Боевыми механизмами в широком ассортименте располагал Свод, на них в основном и рассчитывали с самого начала. А когда пришла весть о падении Гинсавера, в предыдущем ночном лагере под охраной малоценной ополченческой сотни было решено оставить и все то, что имелось для поднятия авторитета: станковые луки, несколько легких камнеметов, четыре повозки с зажигательными стрелами, приставные лестницы и полсотни отрезков крепкого каната с крюками-«кошками» на конце. Вместо осады баронская дружина готовилась теперь к утомительной беготне по лесам и болотам, к облавам и обходным маневрам.
Полагаясь именно на мобильность походной колонны, бароны надеялись прибыть в Гинсавер до захода солнца. Головные сотни бодро втянулись в дефиле между чередой лысых, уродливых холмов.
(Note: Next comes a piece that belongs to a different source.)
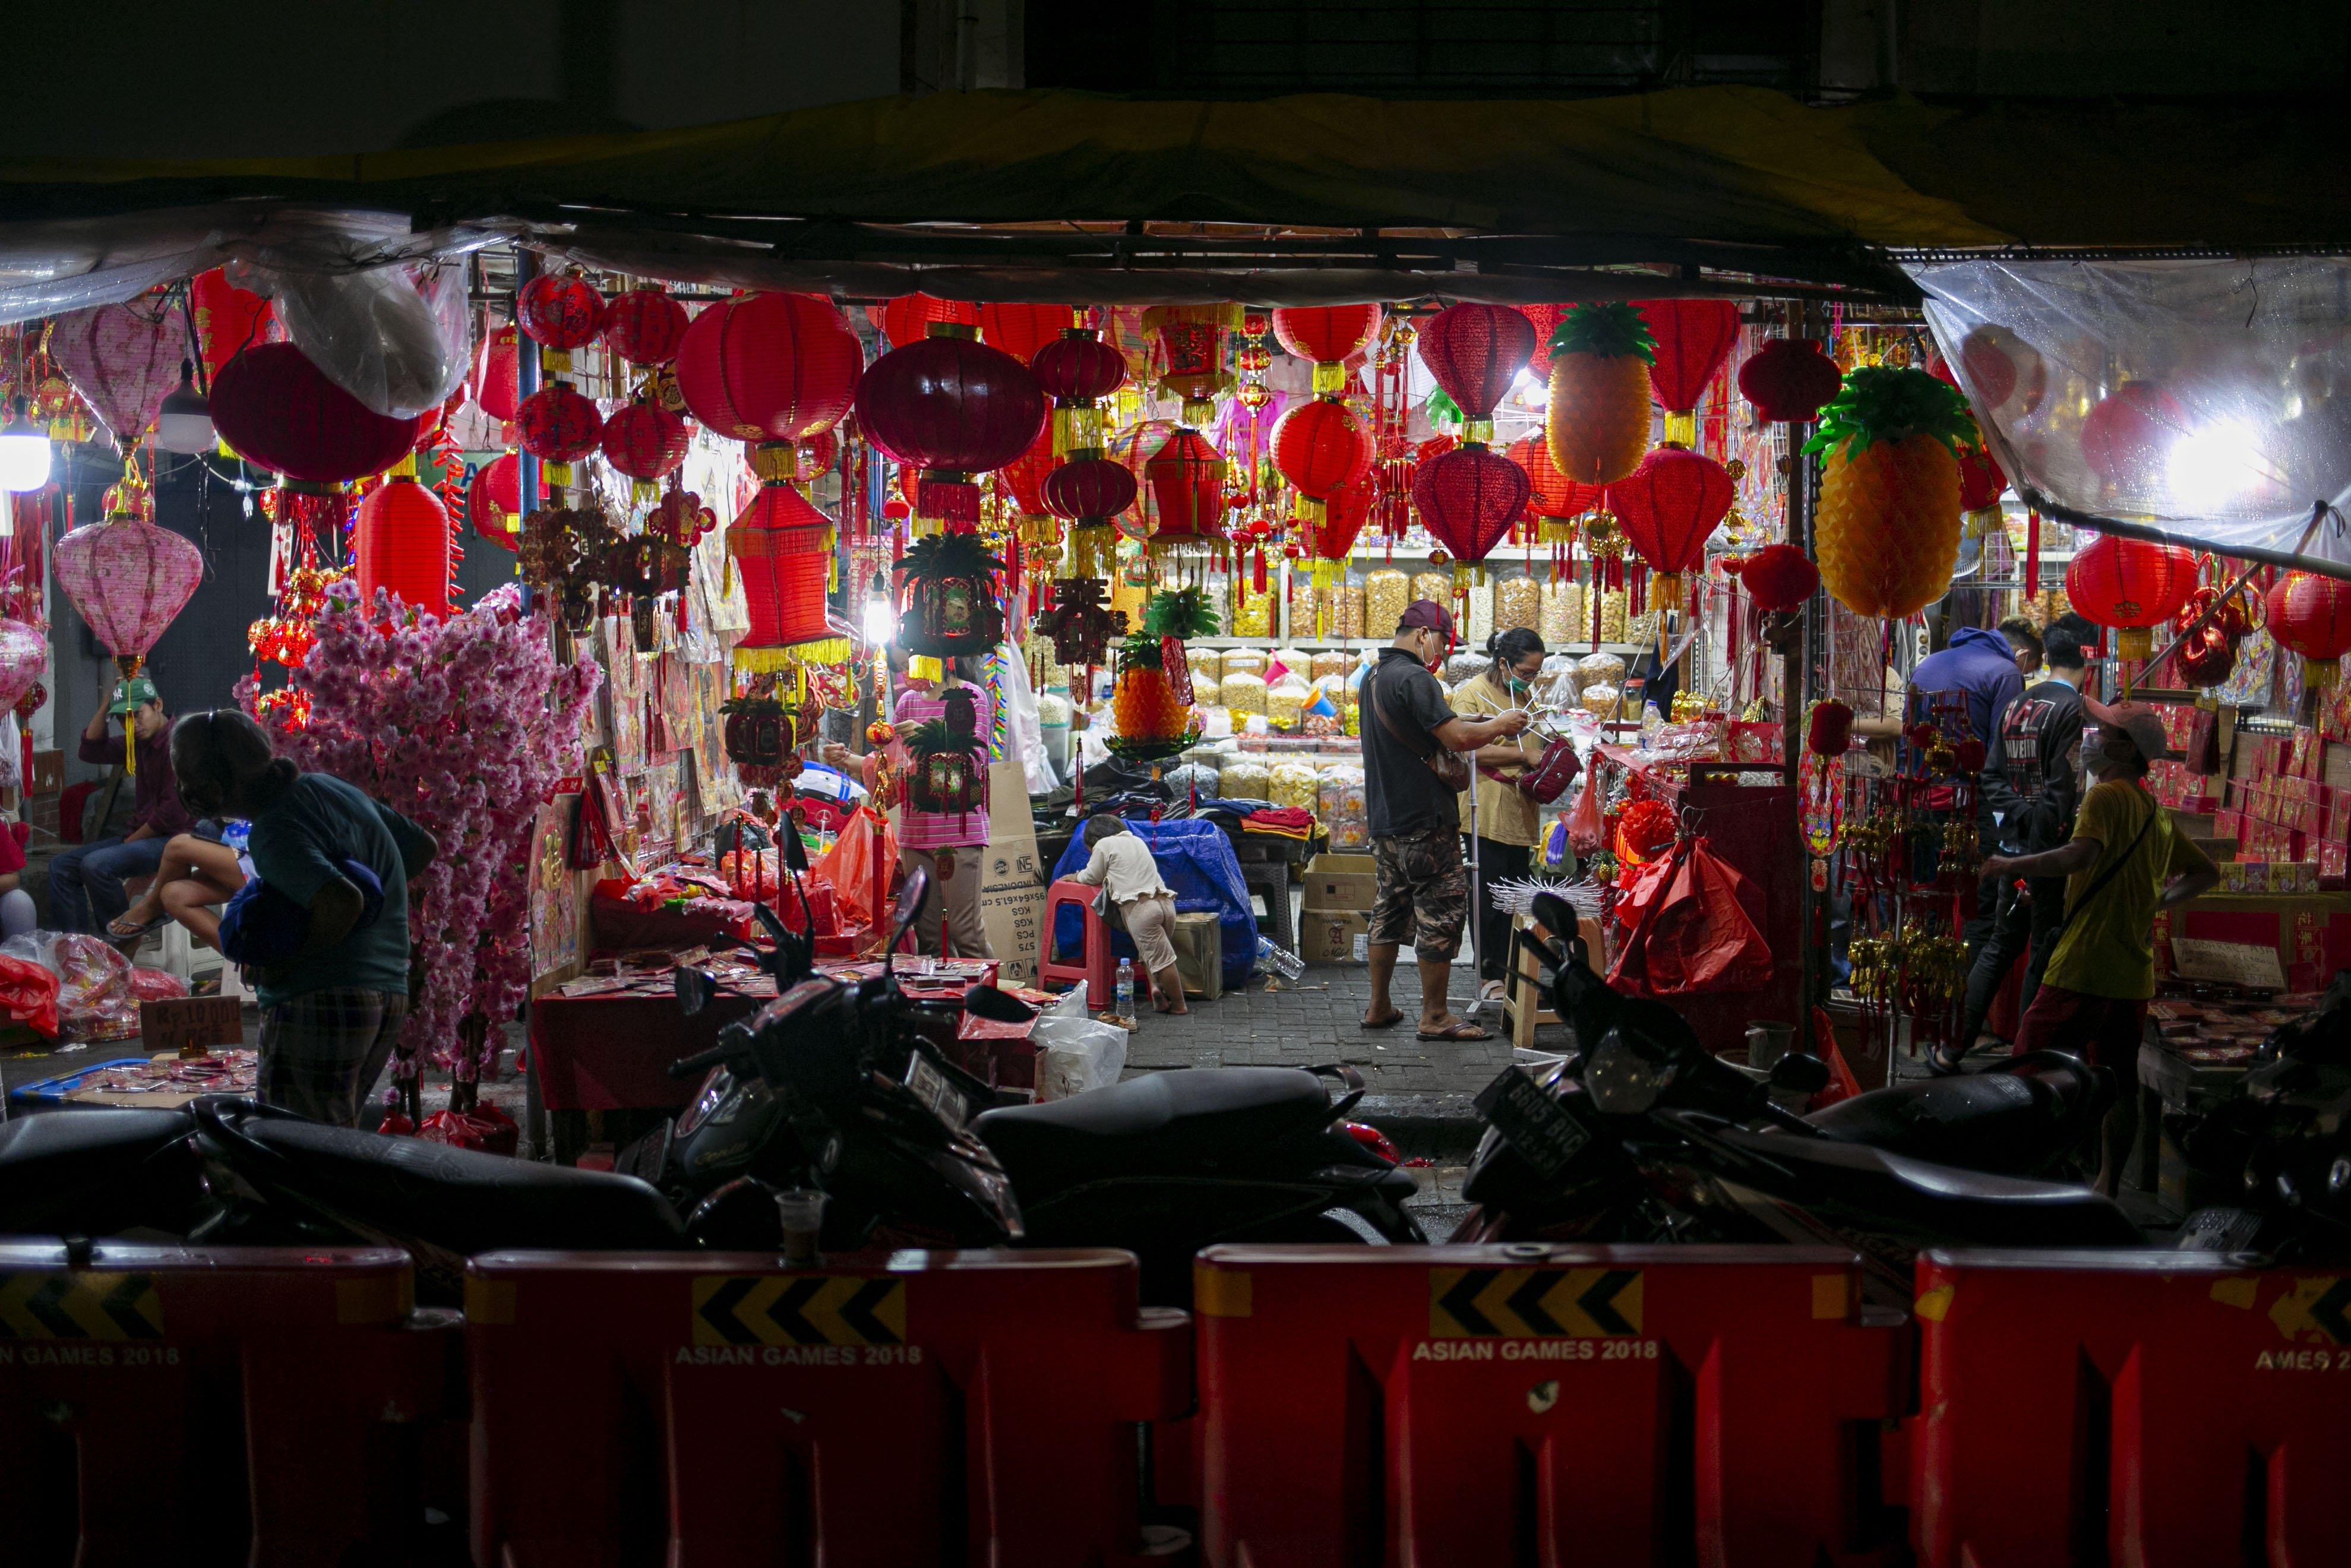 Pedagang merapikan pernak pernik Imlek yang dijual di Pasar Glodok, Jakarta, Kamis (11/2/2021). Pedagang di lokasi tersebut mengaku penjualan tahun ini anjlok hingga 80 persen dibandingkan tahun lalu akibat pandemi COVID 19.

Казалось, по дороге прошел исполин с двумя дырявыми мешками, из которых с каждым его шагом вываливались куски саманового раствора из глины неприятного, землисто-серого оттенка. «Фальмский Толковник» уверял, что приблизительно так оно и было в действительности, но даже широко мыслящая Зверда относилась к этой гипотезе скептически.
На одном из холмов северной гряды когда-то действительно стояла громадная трехбашенная ветряная мельница, хозяина которой за его неумеренную жадность и сварливость люди Вэль-Виры прозвали Песиголовцем. Полвека назад во время бурной весенней грозы в мельницу угодила молния, да такая, что ни от мельницы, ни от хутора Песиголовца не осталось ничего, кроме головней.
Злые языки поговаривали, что Песиголовец был тайным жрецом Гаиллириса, да не потрафил чем-то своему высокому патрону, за что и был покаран последним. Уж больно славно все горело, и это под ливнем-то!
А вот к этой версии Зверда относилась сочувственно. За Мельницей Песиголовца и впрямь водились кое-какие странности. Например, было известно, что серая глина с этих лысых холмов не является целебной в отличие от всех прочих разновидностей глины, которую можно было отыскать на Фальме. Наоборот, серая пакость была ядовита – в ней буквально на глазах умирало любое растение.
Глина эта хорошо лепилась, обжигалась и раскрашивалась, но никто никогда не отваживался использовать ее в гончарном ремесле. Единственным человеком, жившим в доме из подозрительных серых кирпичей, был сам Песиголовец.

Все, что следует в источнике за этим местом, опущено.